-- GOAL OF THE EXERCISE --
Only the text belongs in the copy: repeat each record exactly, without pictures.

-- Data entries --
◆ ◆ ◆ ◆ ◆ ◆ ◆

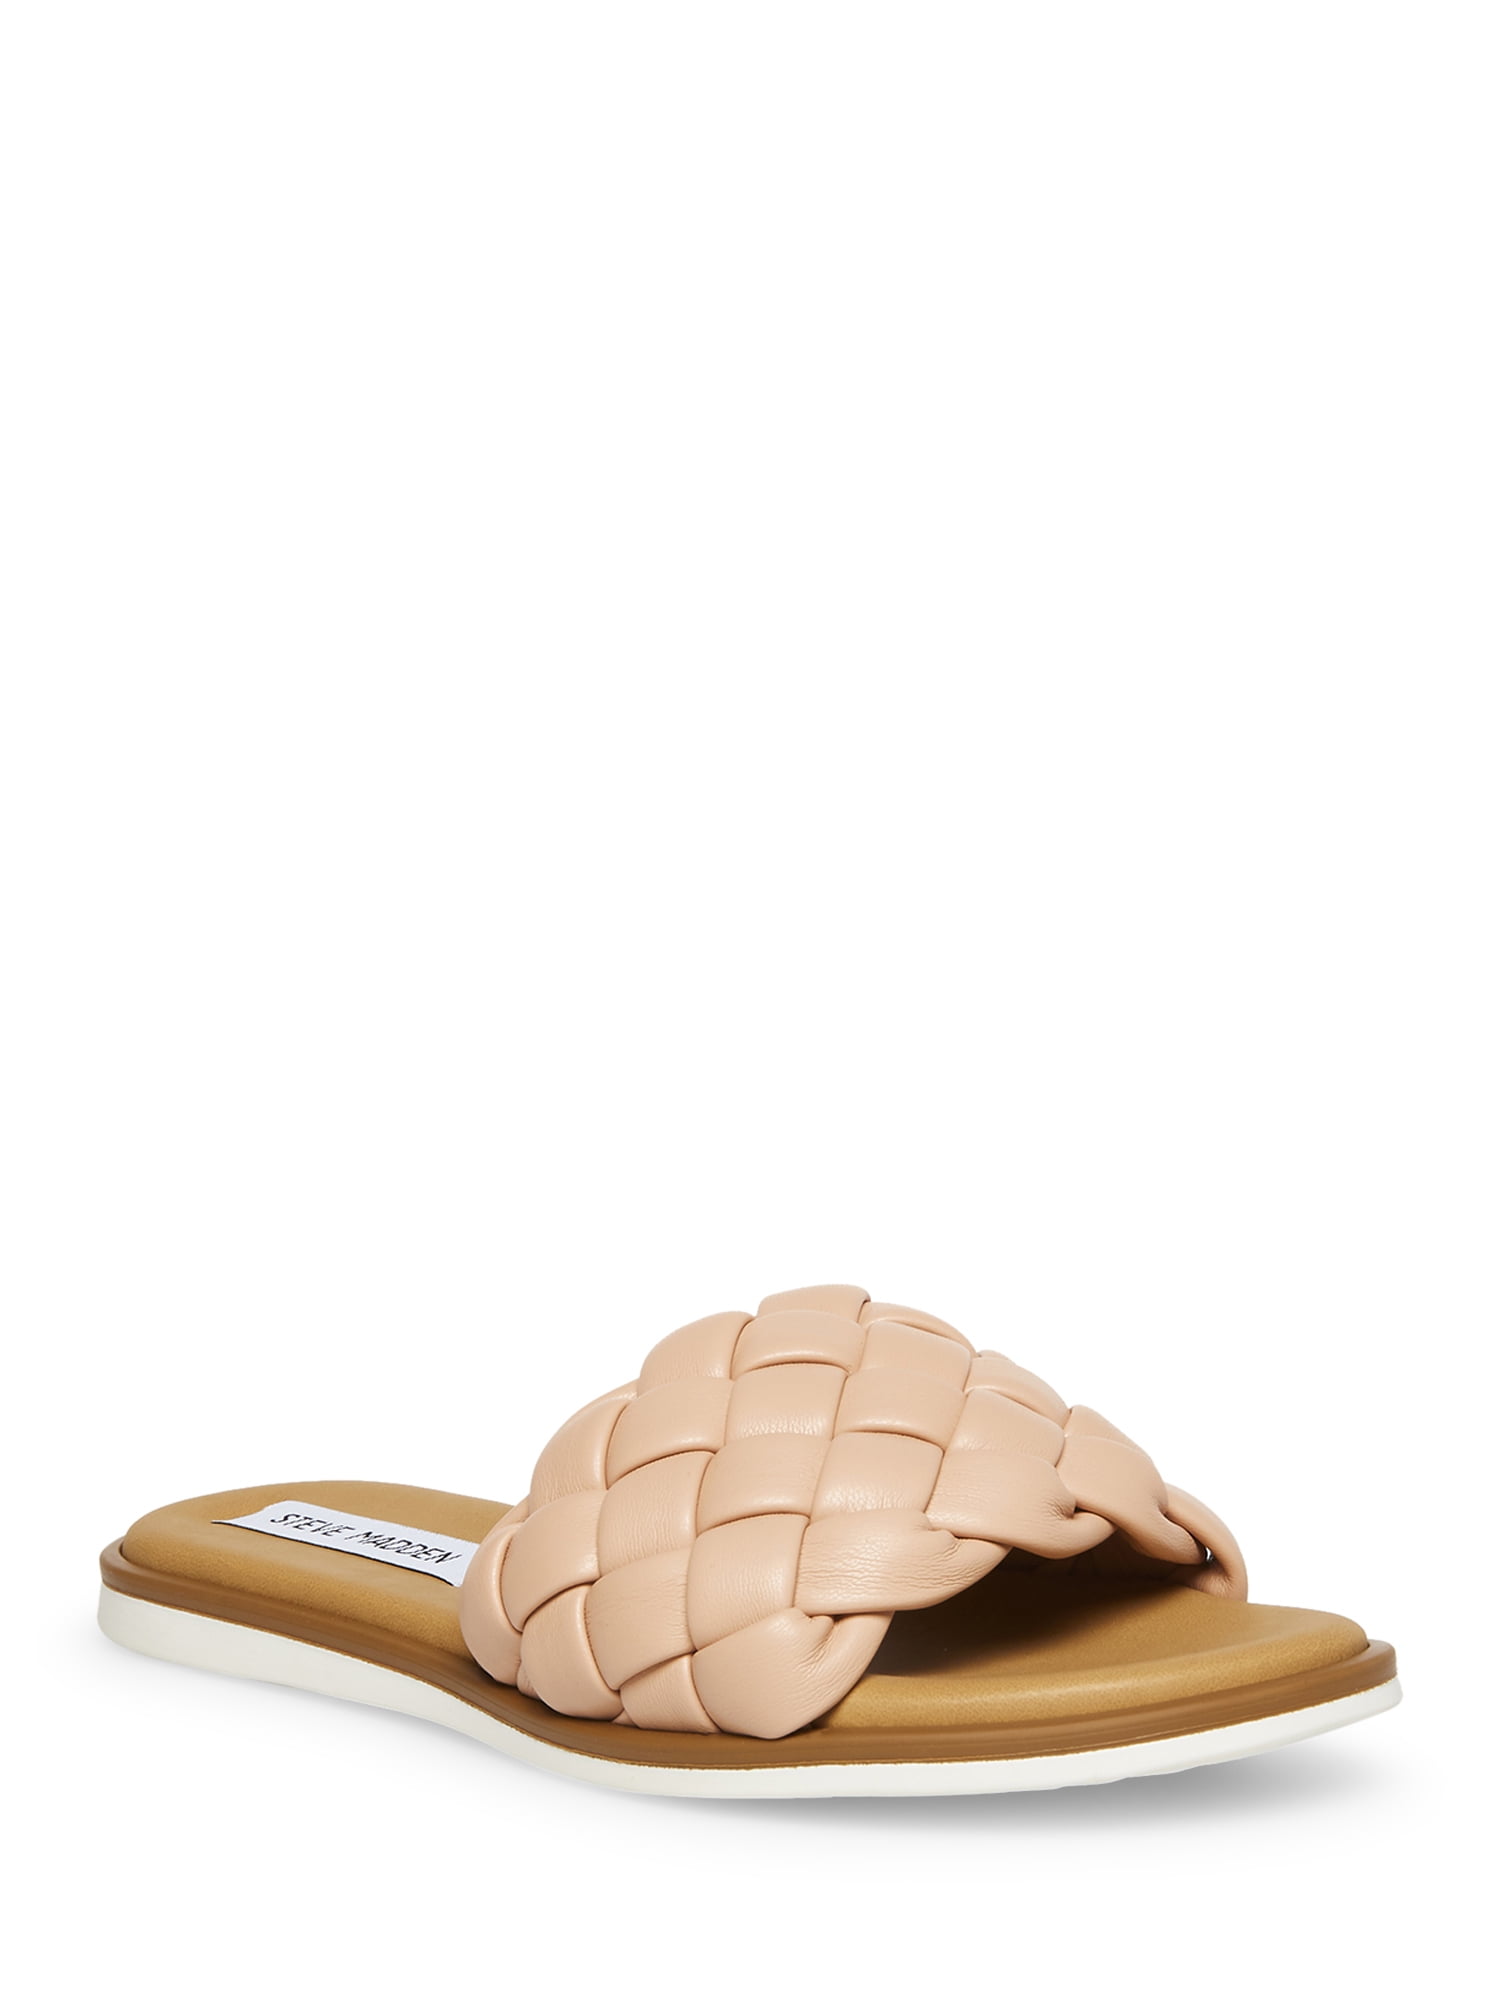 Steve Madden Paislee Woven Slide Sandal (Women's) - Walmart.com
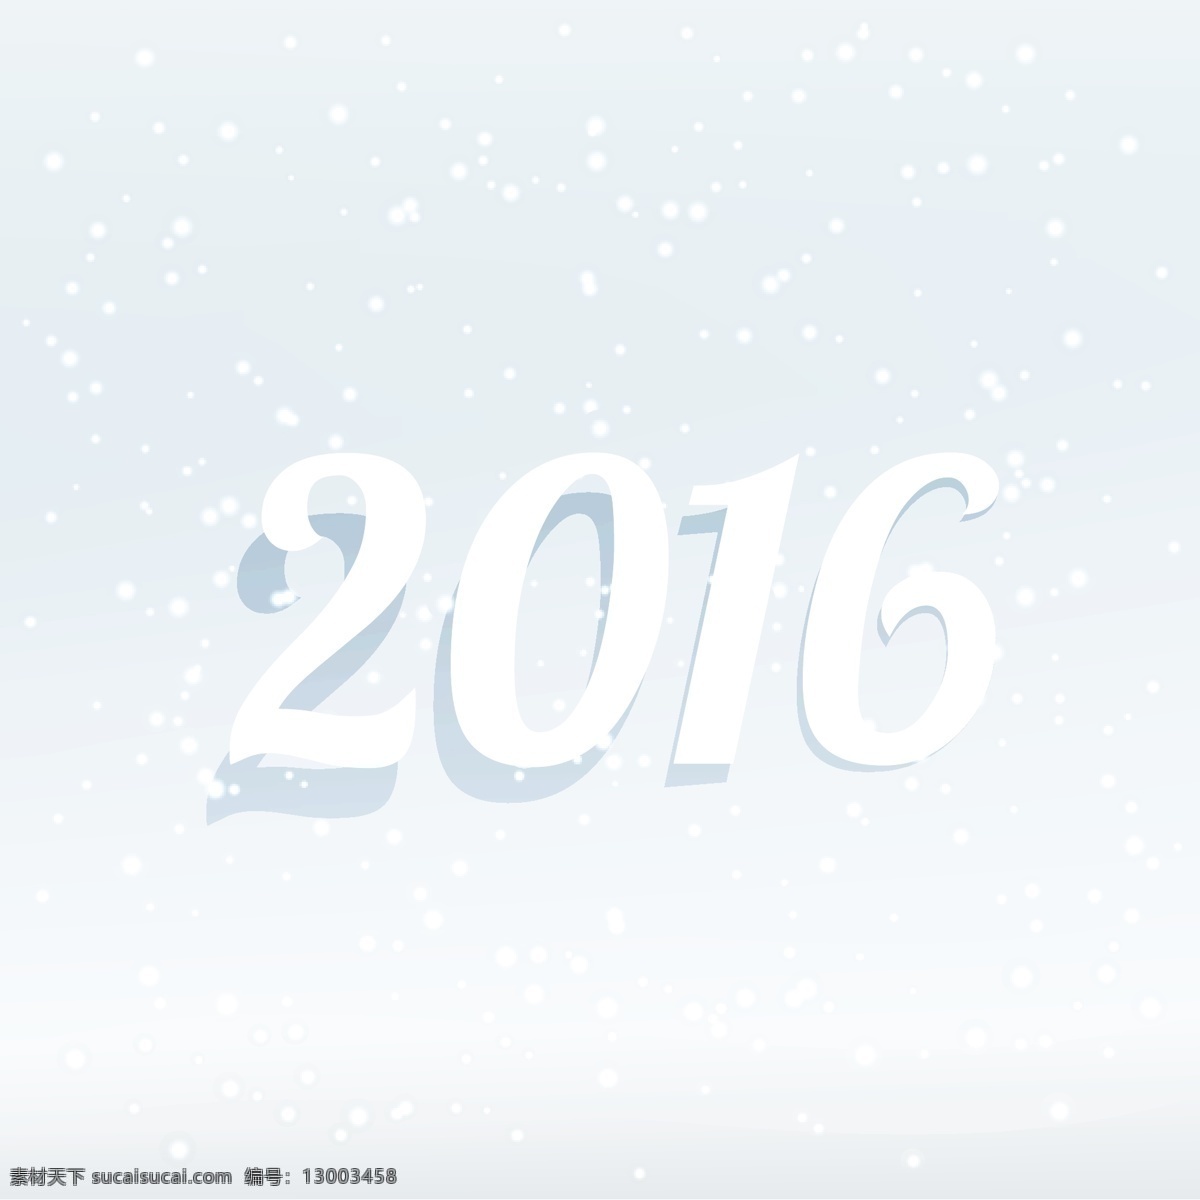 2016 张新 彩色 卡片 背景 海报 新年 新的一年 雪 冬 快乐 壁纸 庆祝 新 事件 假期 年 快乐的假期 冬季背景 愿望 问候 雪背景 白色
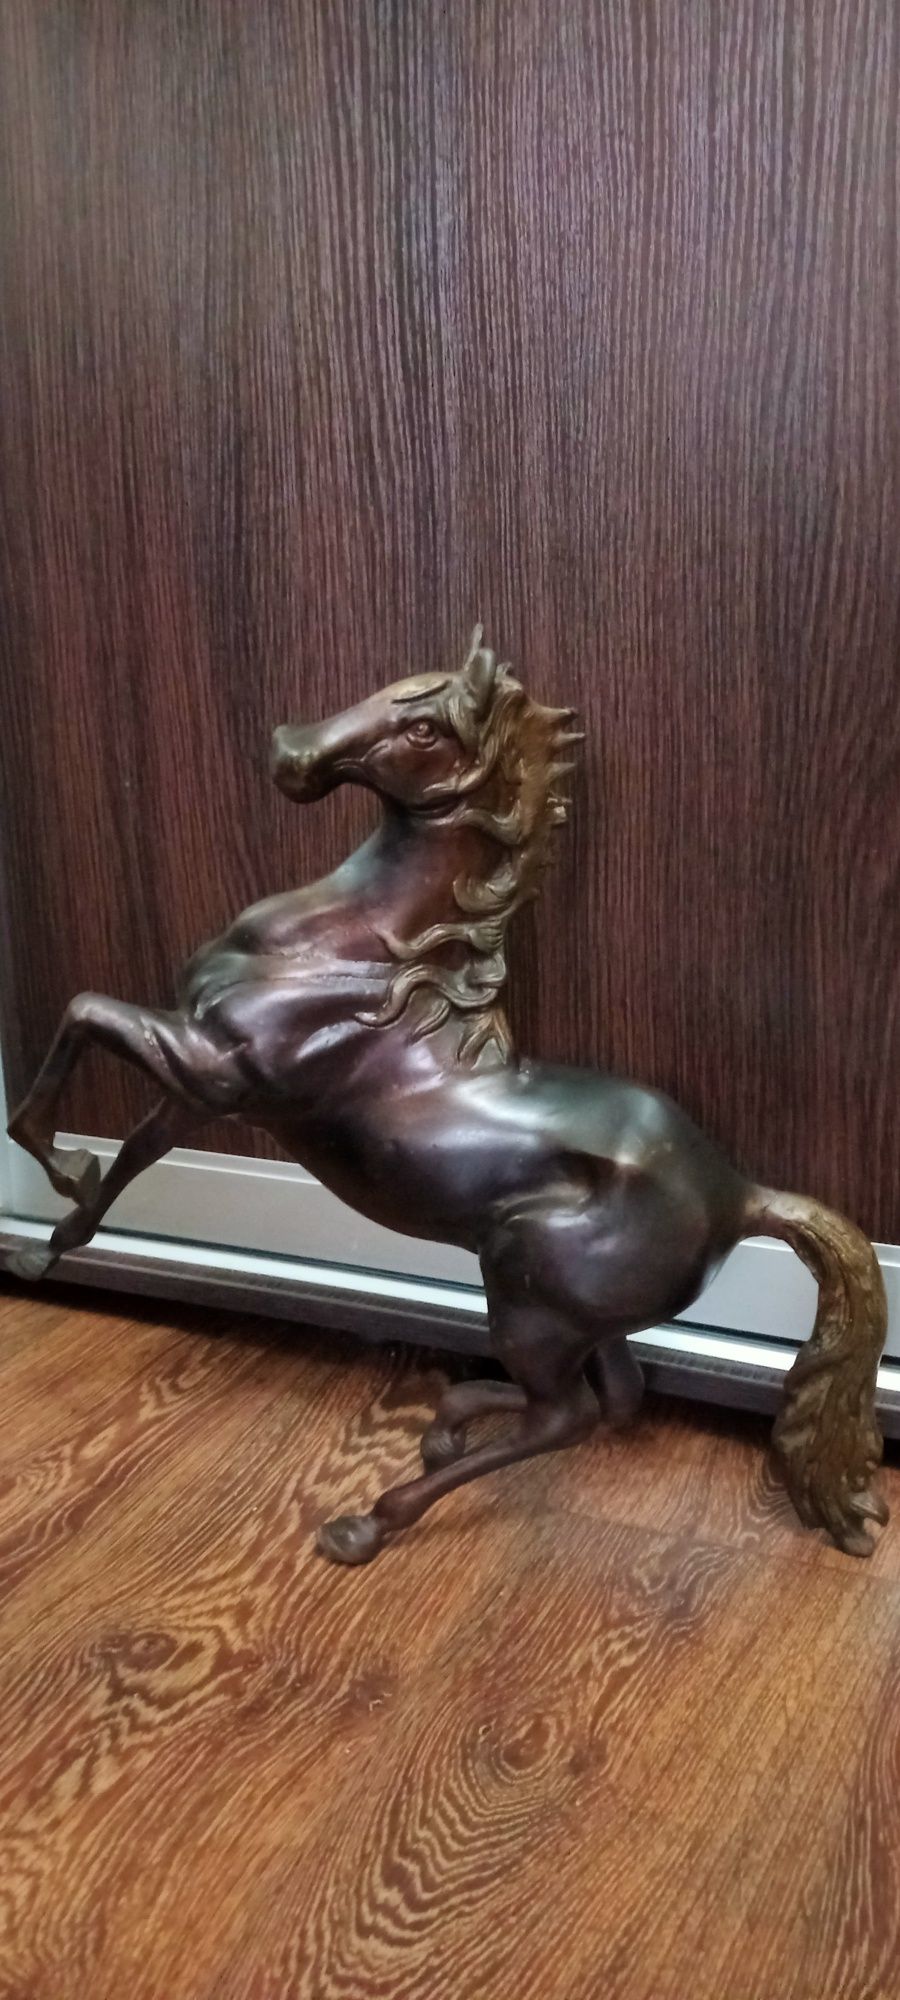 Бронзовая скульптура лошадь
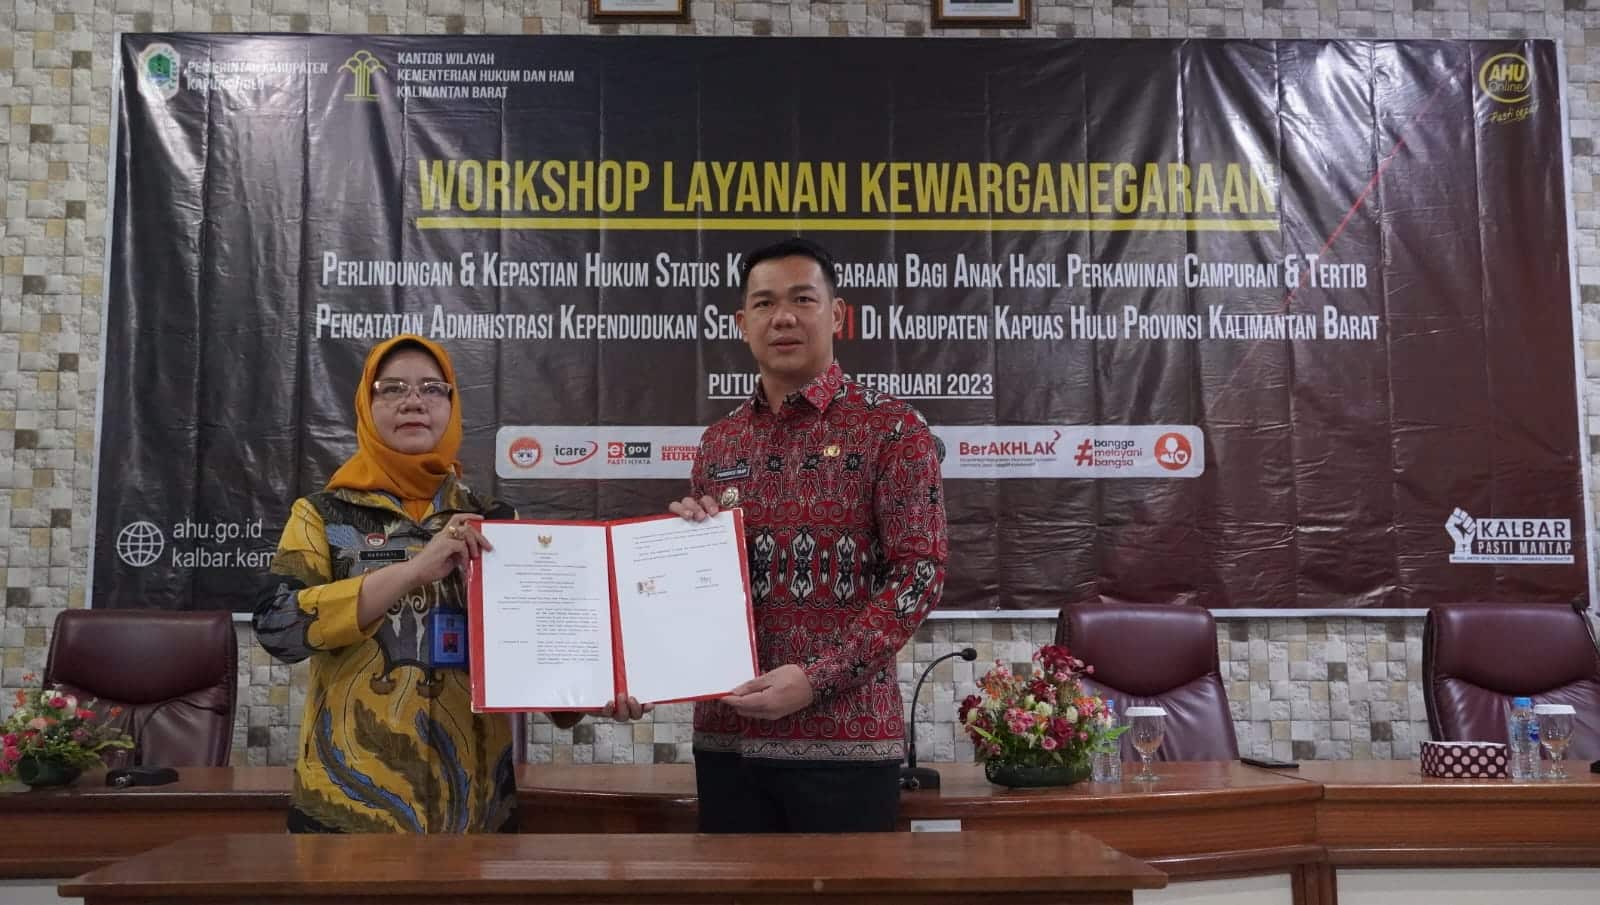 MoU antara Kantor Wilayah Kementerian Hukum dan HAM Kalimantan Barat dengan Pemerintah Kabupaten Kapuas Hulu tentang Pelayanan Hukum dan HAM. (Foto: Ishaq)
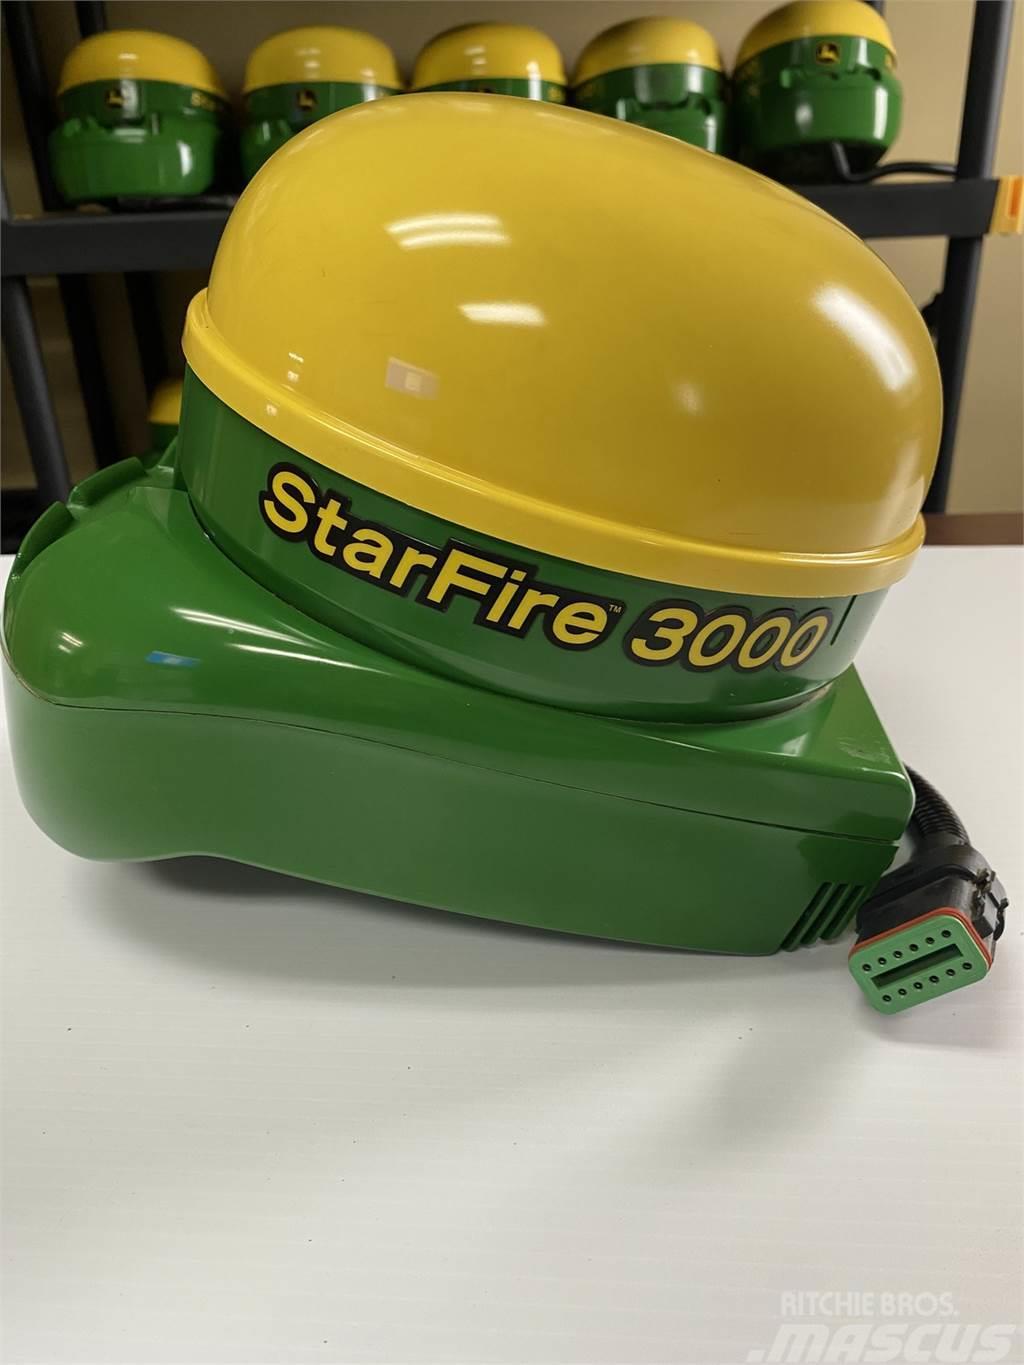 John Deere Starfire 3000 Hassas ekim makinalari

◆ ◆ ◆ ◆ ◆ ◆ ◆

-- TASK RESULT --
 Steve Madden Paislee Woven Slide Sandal (Women's) - Walmart.com
 2016 张新 彩色 卡片 背景 海报 新年 新的一年 雪 冬 快乐 壁纸 庆祝 新 事件 假期 年 快乐的假期 冬季背景 愿望 问候 雪背景 白色
 Бронзовая скульптура лошадь
 MoU antara Kantor Wilayah Kementerian Hukum dan HAM Kalimantan Barat dengan Pemerintah Kabupaten Kapuas Hulu tentang Pelayanan Hukum dan HAM. (Foto: Ishaq)
 John Deere Starfire 3000 Hassas ekim makinalari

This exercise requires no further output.